Current location - Education and Training Encyclopedia - Graduation thesis - China cvpr paper
China cvpr paper
Share an article from CVPR 202 1, Action-Net: Multipath Elimination of Action Recognition. Authors: Artificial Intelligence Laboratory, Trinity University, Dublin, ByteDance.

In this paper, a plug-and-play action module with mixed attention mechanism is proposed for sequential action recognition (such as gestures). This module includes space-time attention, channel attention and motion attention.

The details are as follows:

0 1 ?

Spatio-temporal attention (STE): By globally averaging all channels, the spatiotemporal attention map of a single channel can be obtained by 3D convolution of 3x3, which makes it possible to obtain the spatiotemporal attention map with a very small amount of calculation. Multiply this attention map with the input features to get the corresponding features excited by spatio-temporal information.

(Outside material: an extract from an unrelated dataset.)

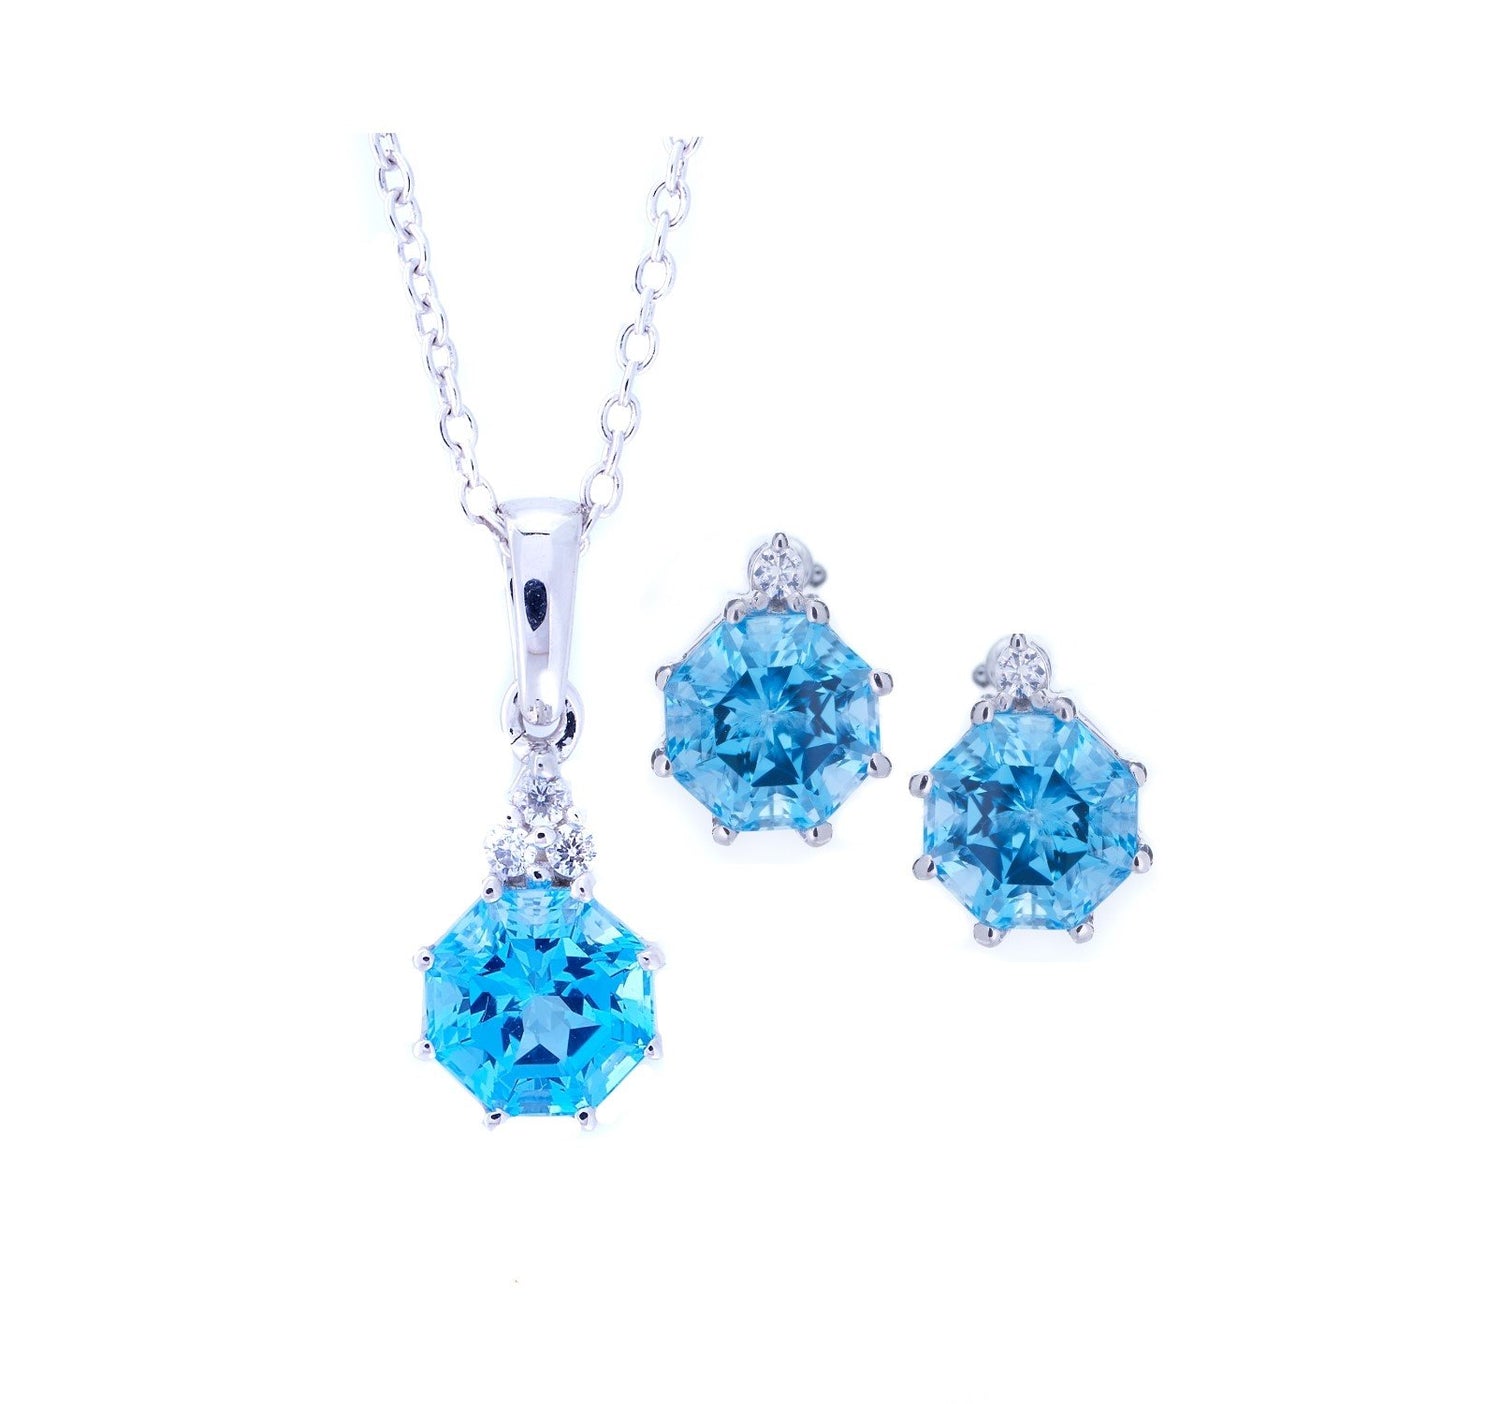 Classic 2pc Pendant-Earring Set with Blue Topaz & Natural White Zircon FARA Cut Sterling Silver

Channel Concern (CE): This block is an Arthur block based on SE-Net. However, because video action contains timing information, 1D convolution is inserted between compressed and uncompressed channels in time domain to enhance the interdependence of channels in time domain. Like SE, we can get a channel-based attention map. Like STE, the channel excitation characteristics of input features are multiplied by the obtained attention points.

Attention to Action (ME): ME has been used in previous works such as STM and TEA. It mainly describes the movement of actions between every two adjacent frames, which is very similar to optical flow. Take the ME structure in the previous work as a branch and connect it with the two blocks mentioned above to get the action module.

02 ?

The action module consists of the above three attention modules in parallel. This module is the same as TSM before, plug and play. In comparison with the most advanced methods, backbone uses the same ResNet-50 as before. At the same time, taking TSN and TSM as the baseline, the performance of ACTION on different backbone networks (RESNET-50, mobilenetv2, BN-Inception) is tested.

03 ?

In the experiment, three video data sets, V2, Clown and Self-Pose, were used to test the proposed action module.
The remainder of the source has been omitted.